- **Data shown**
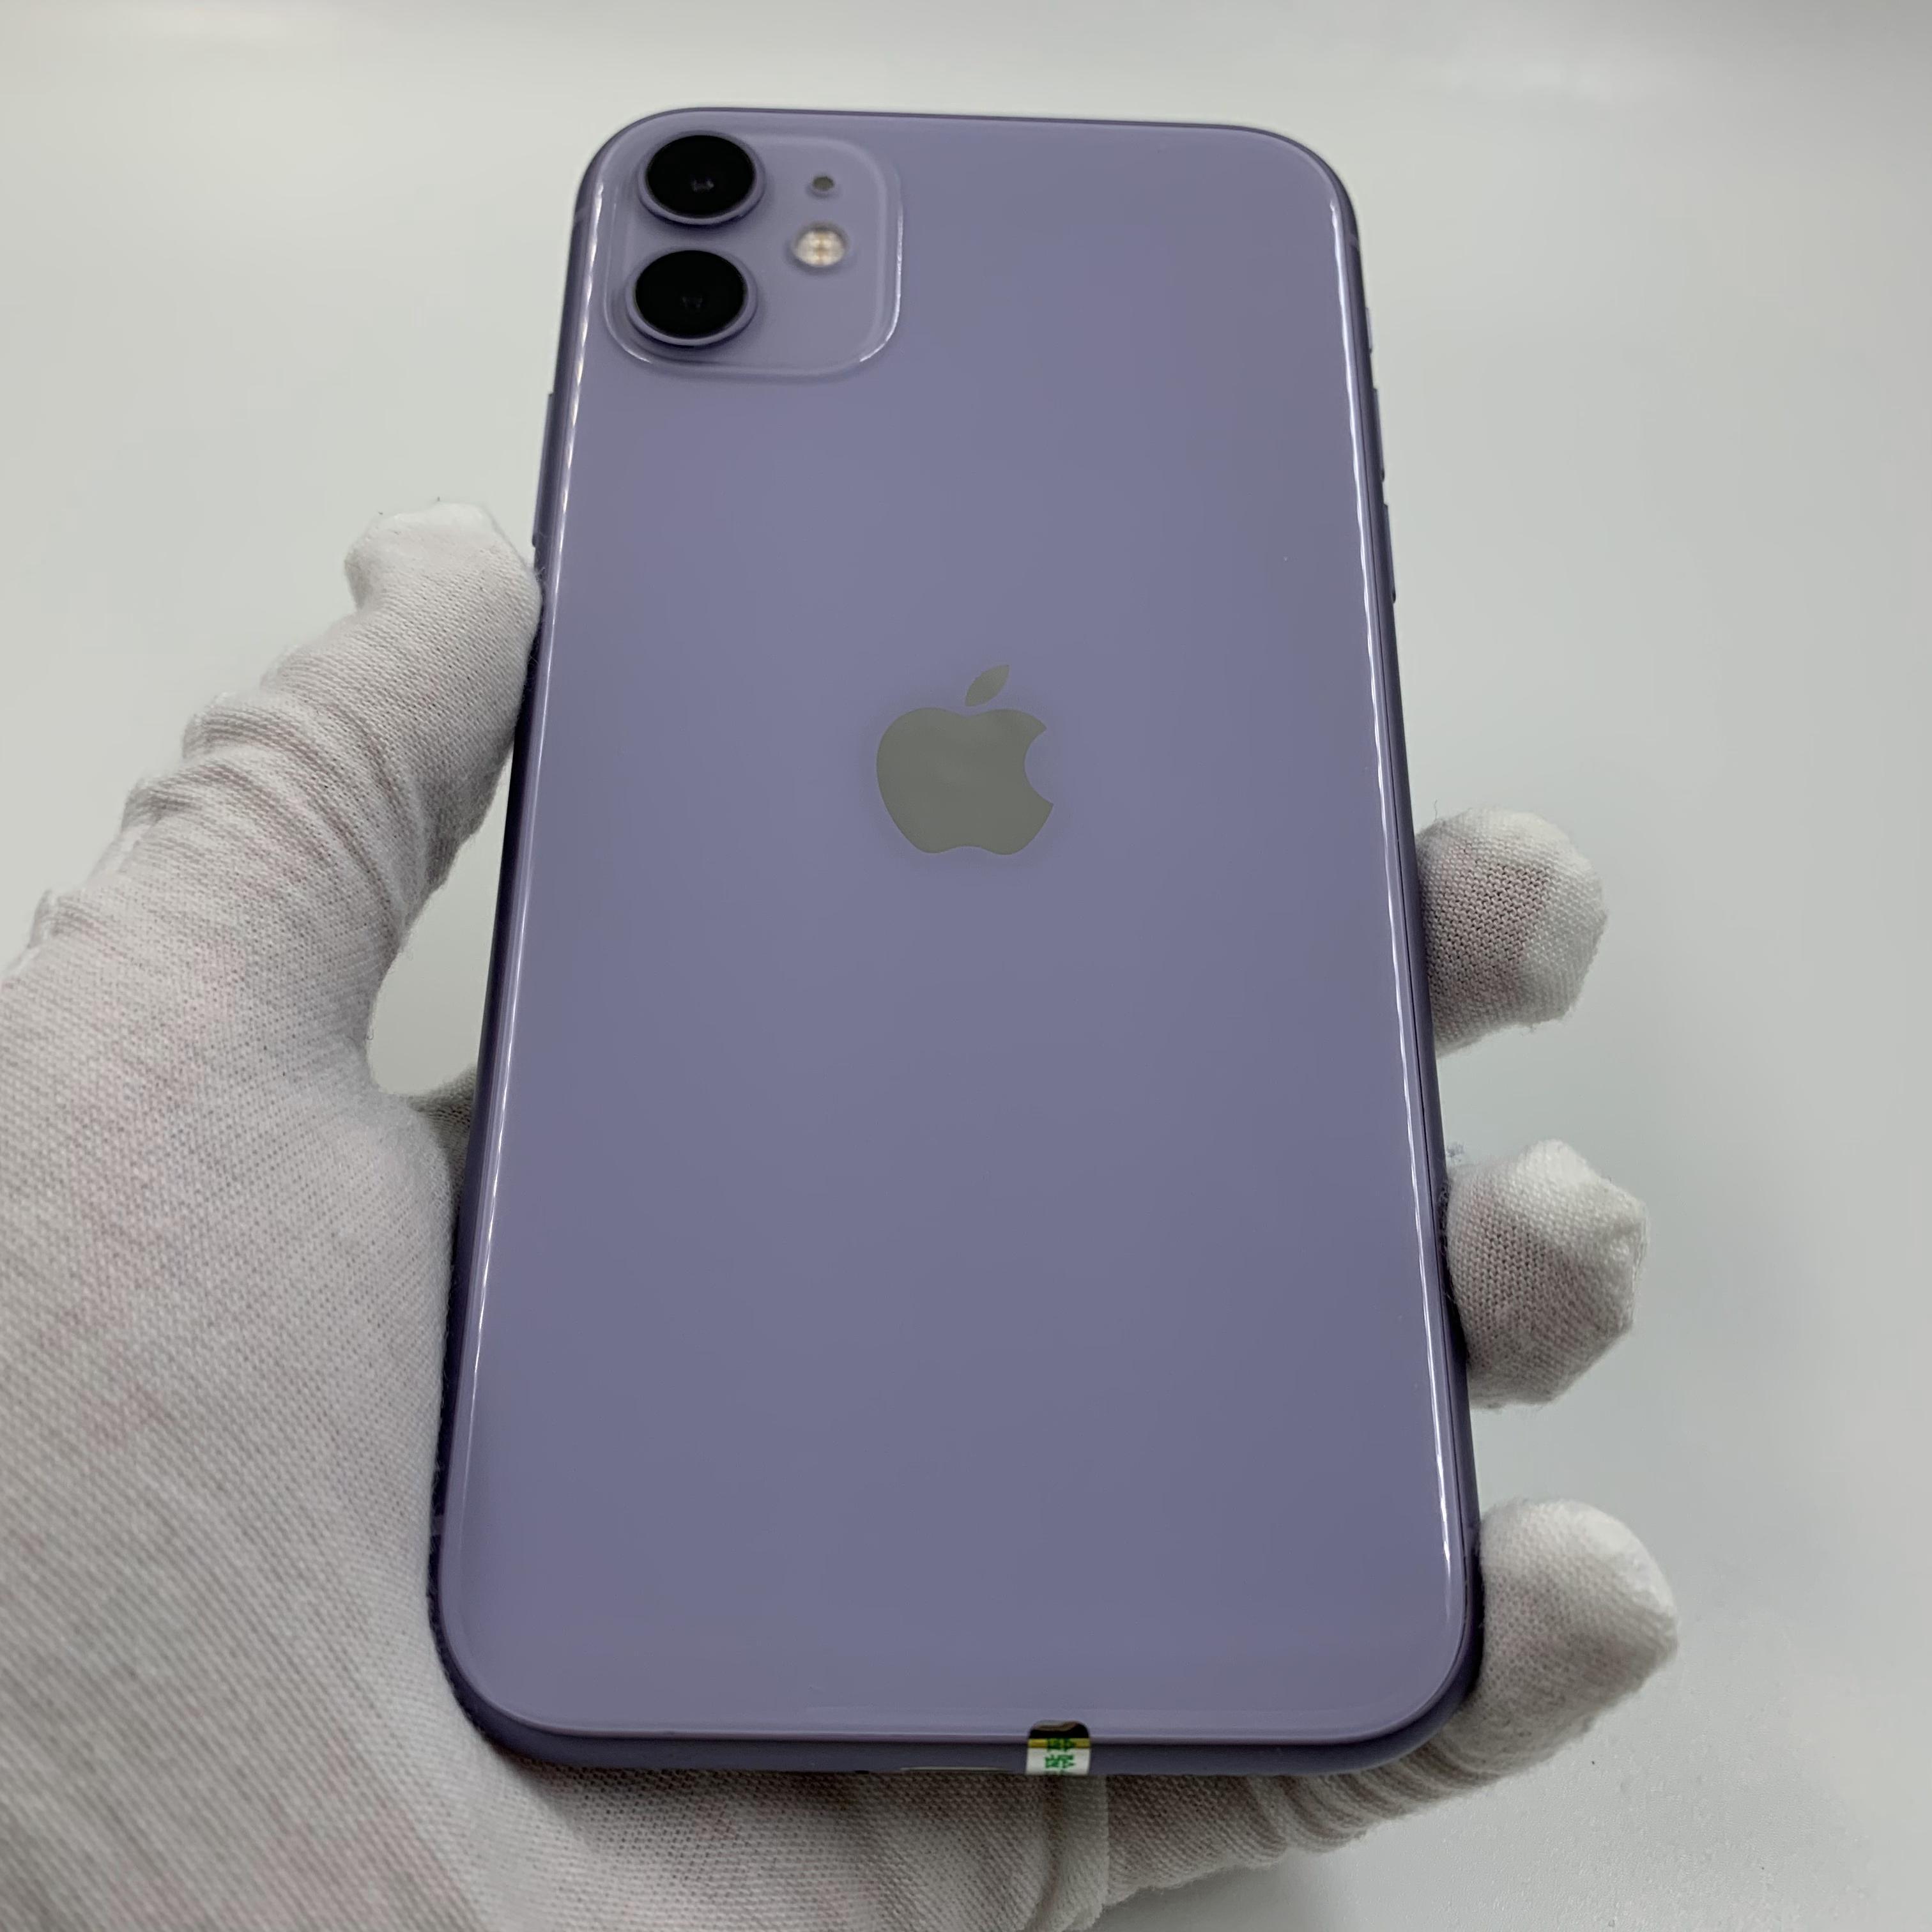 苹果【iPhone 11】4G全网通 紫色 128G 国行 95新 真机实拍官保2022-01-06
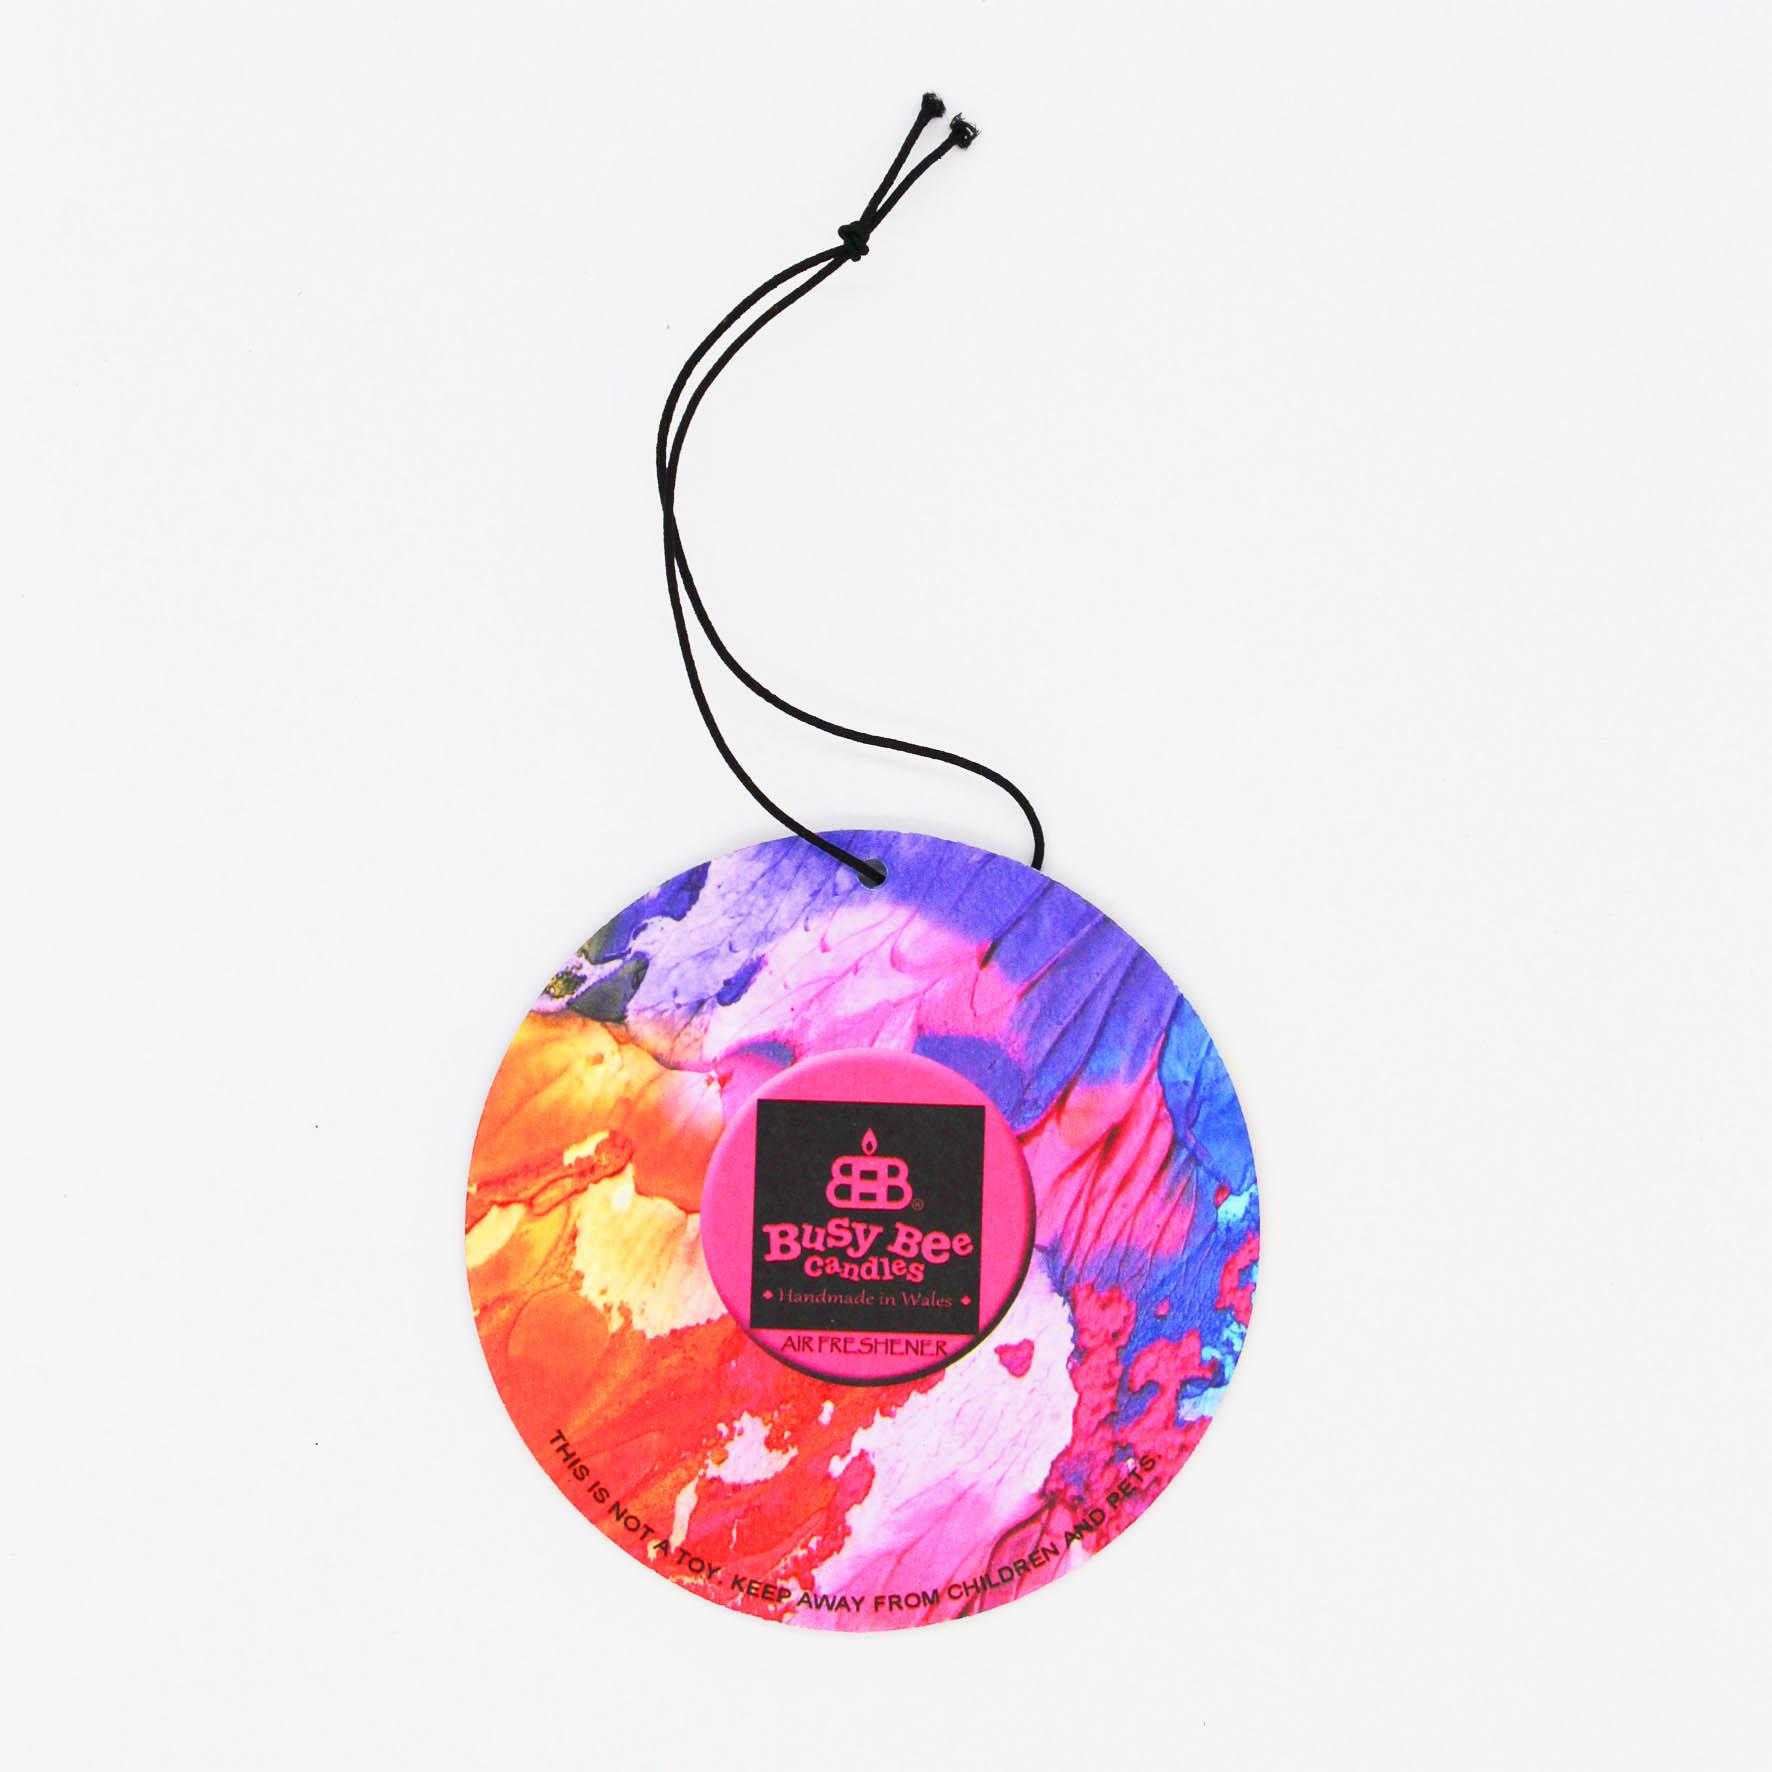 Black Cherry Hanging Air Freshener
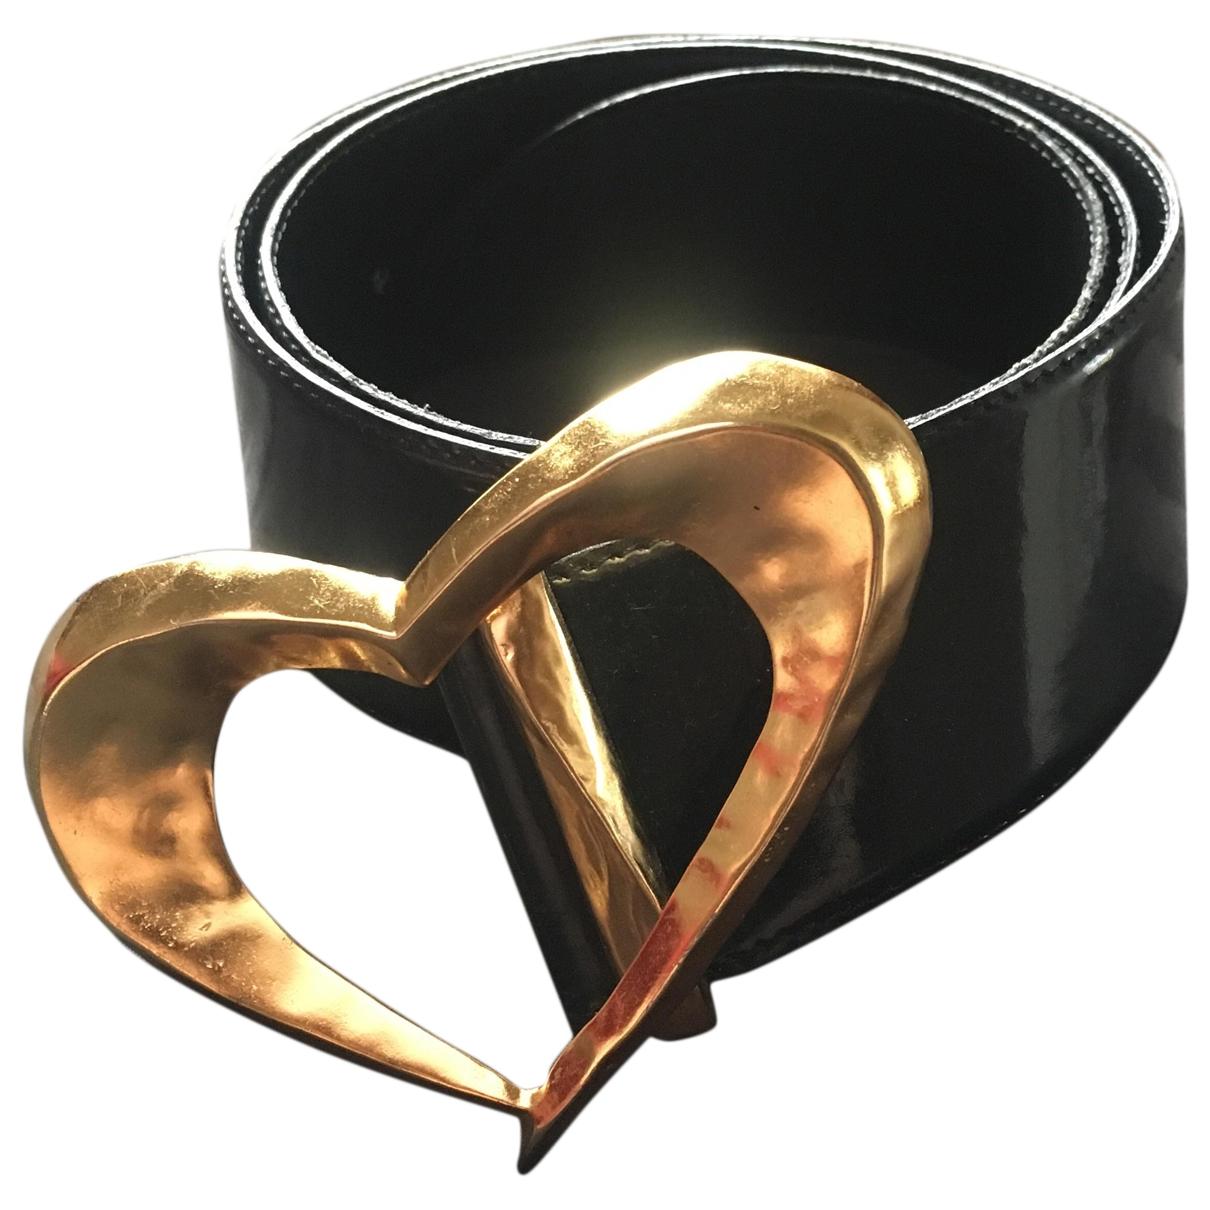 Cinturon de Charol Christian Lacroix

- **What is being asked**
Transcribe the full listing above exactly as it stands, minus the pictures.

- **Reply**
 苹果【iPhone 11】4G全网通 紫色 128G 国行 95新 真机实拍官保2022-01-06
 Black Cherry Hanging Air Freshener
 Cinturon de Charol Christian Lacroix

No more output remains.